MapReduce performance problem

Jeremiah Peschka jeremiah.peschka at gmail.com
Tue Feb 26 16:17:37 EST 2013


Responses inline.

---
Jeremiah Peschka - Founder, Brent Ozar Unlimited
MCITP: SQL Server 2008, MVP
Cloudera Certified Developer for Apache Hadoop


On Tue, Feb 26, 2013 at 12:26 PM, Kevin Burton <rkevinburton at charter.net>wrote:

> Right. I know it is not ideal. I have been able to split the VM’s into
> groups. So 2 of the 4 are running on separate hardware.
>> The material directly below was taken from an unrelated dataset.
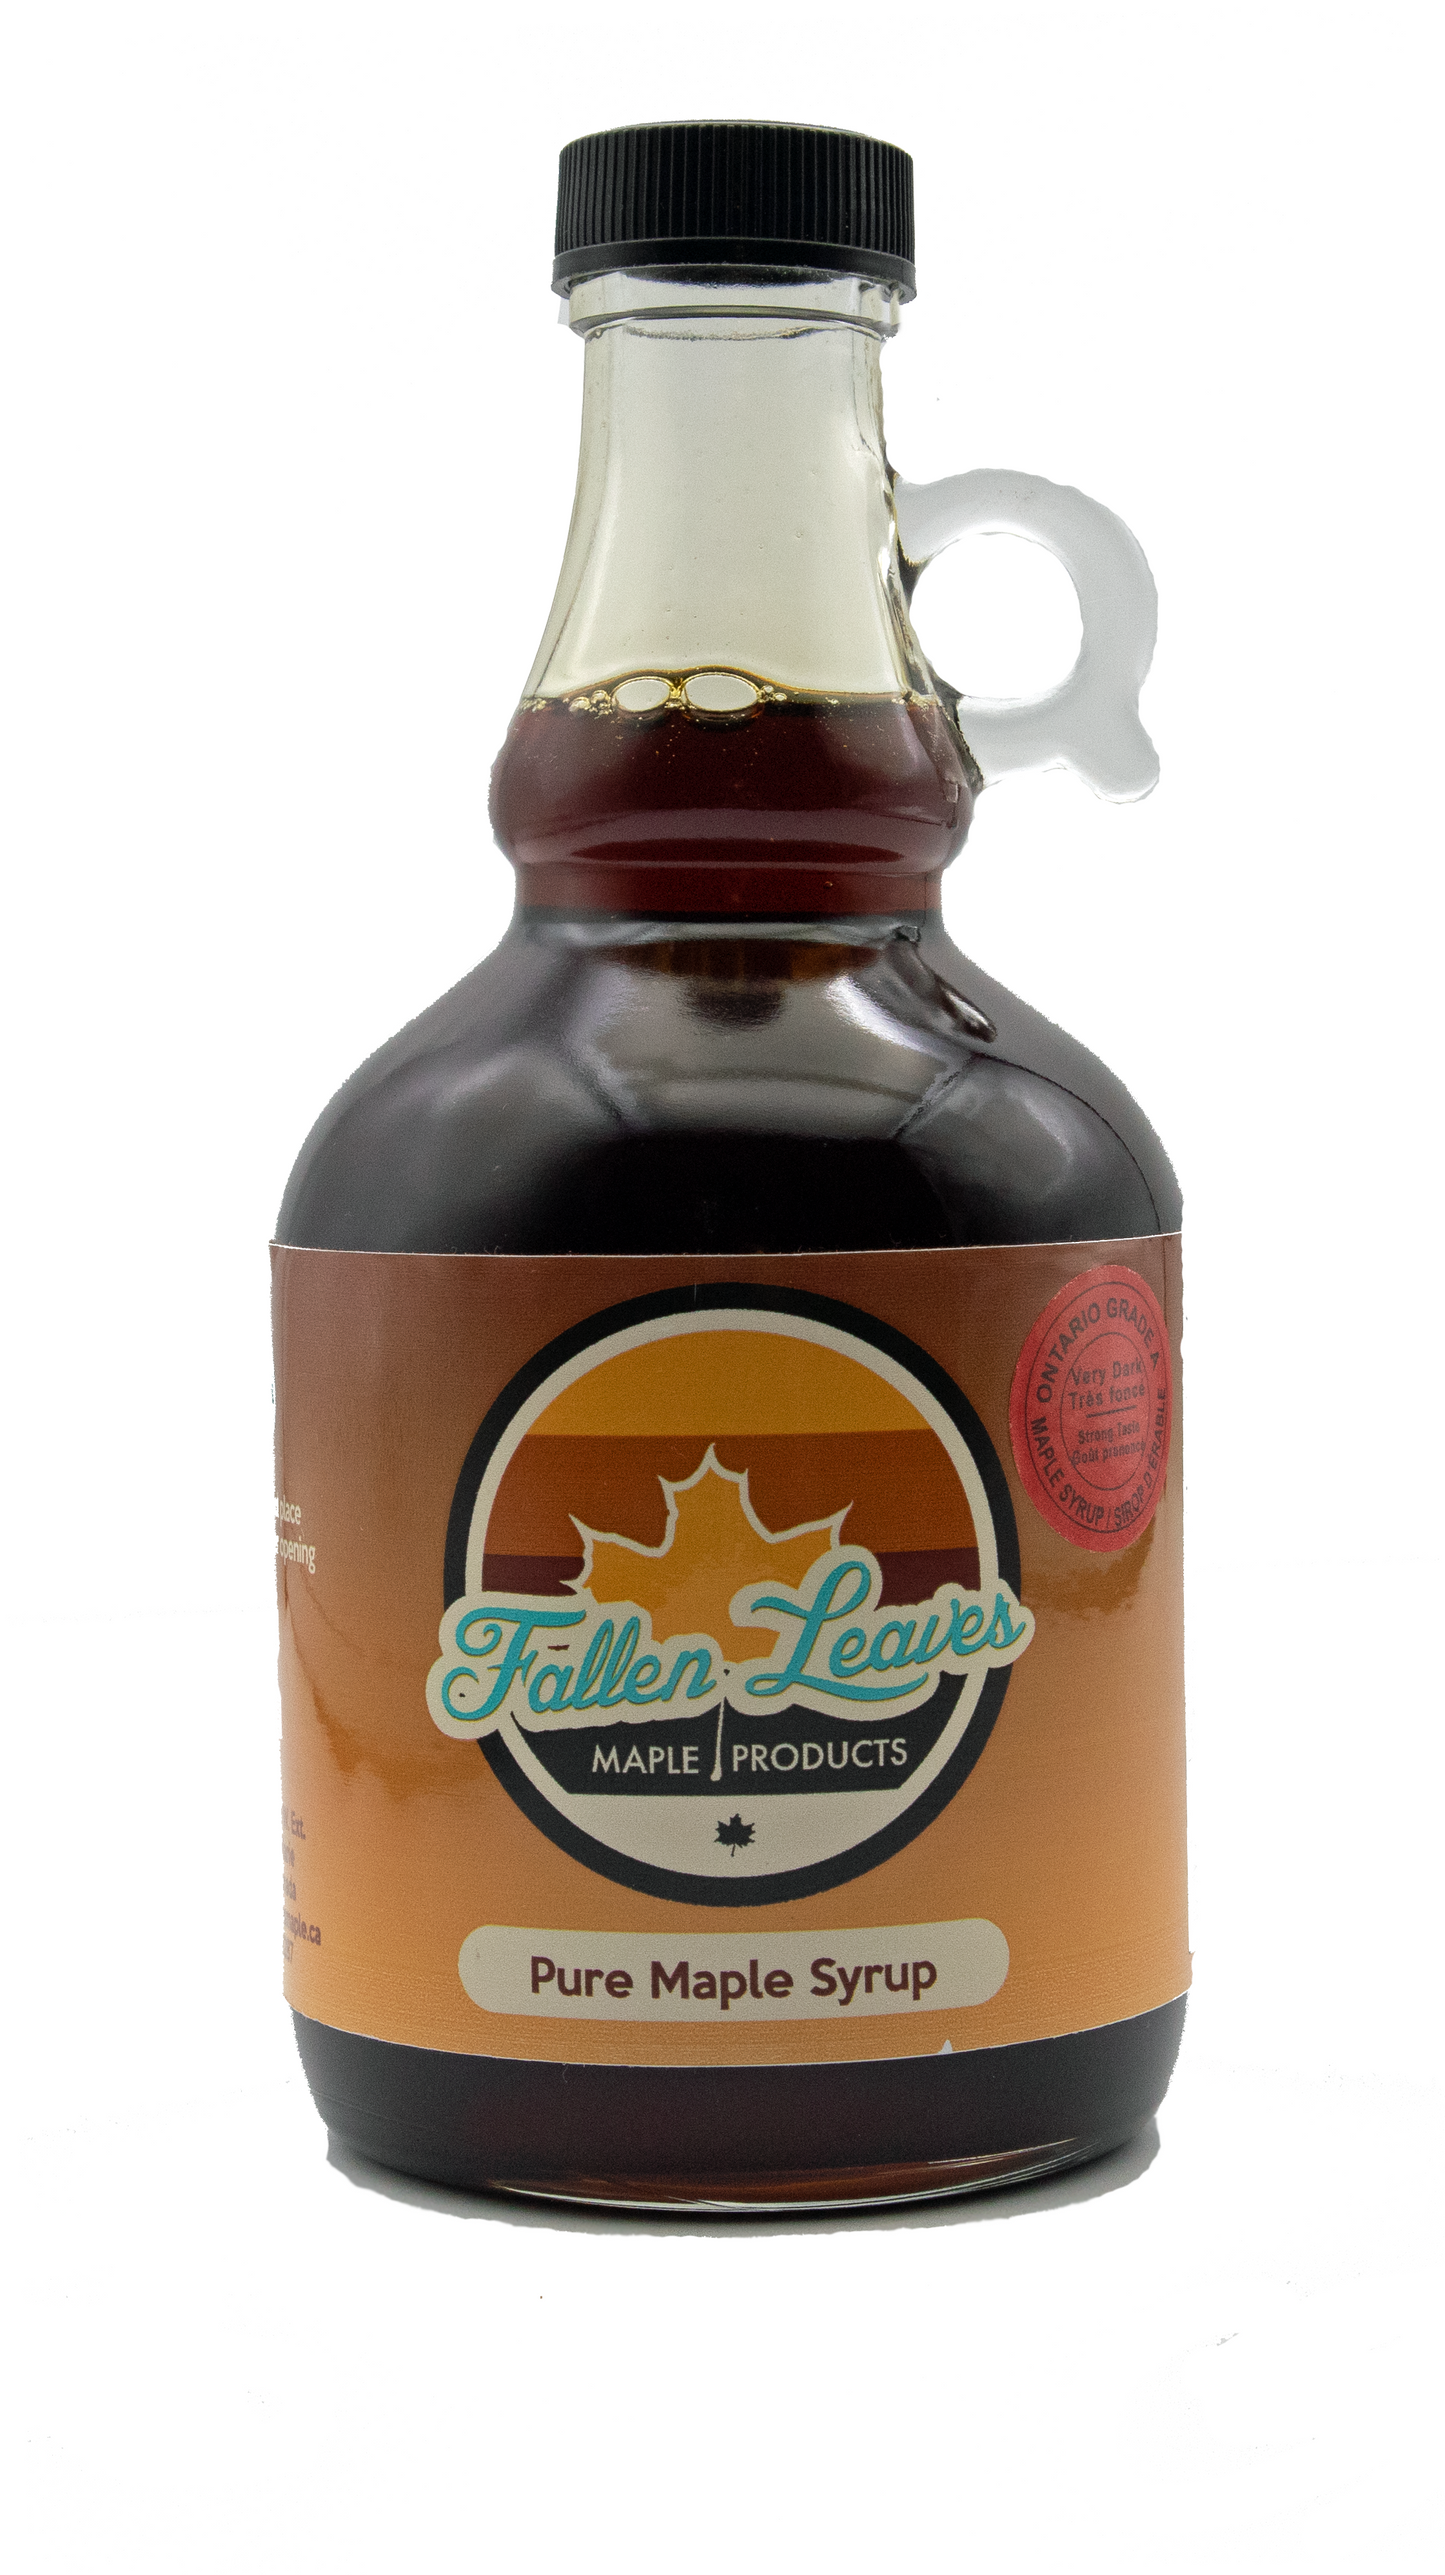 Very Dark Grade - 100% Pure Maple Syrup Fallen Leaves Maple Products

Anything more I
> just get the response ‘get real’. That being said I want to get the maximum
> performance of the limited resources that I have. I have a separate
> question for the group in trying to get basho_bench up and running (I get a
> long string of errors). What do you need to know more about my environment
> to “understand” it? I am new so I am probably asking the wrong questions so
> please tell me what you are missing that might help diagnose the problem.
>

For troubleshooting any environment it's good to know relevant hardware
details about CPU speed, core count, amount of RAM, disks, network cards,
etc. A working basho_bench benchmark would help, too, because it will
provide an indicator of how your environment will perform with Riak as
opposed to how your business logic performs, as implemented, with Riak.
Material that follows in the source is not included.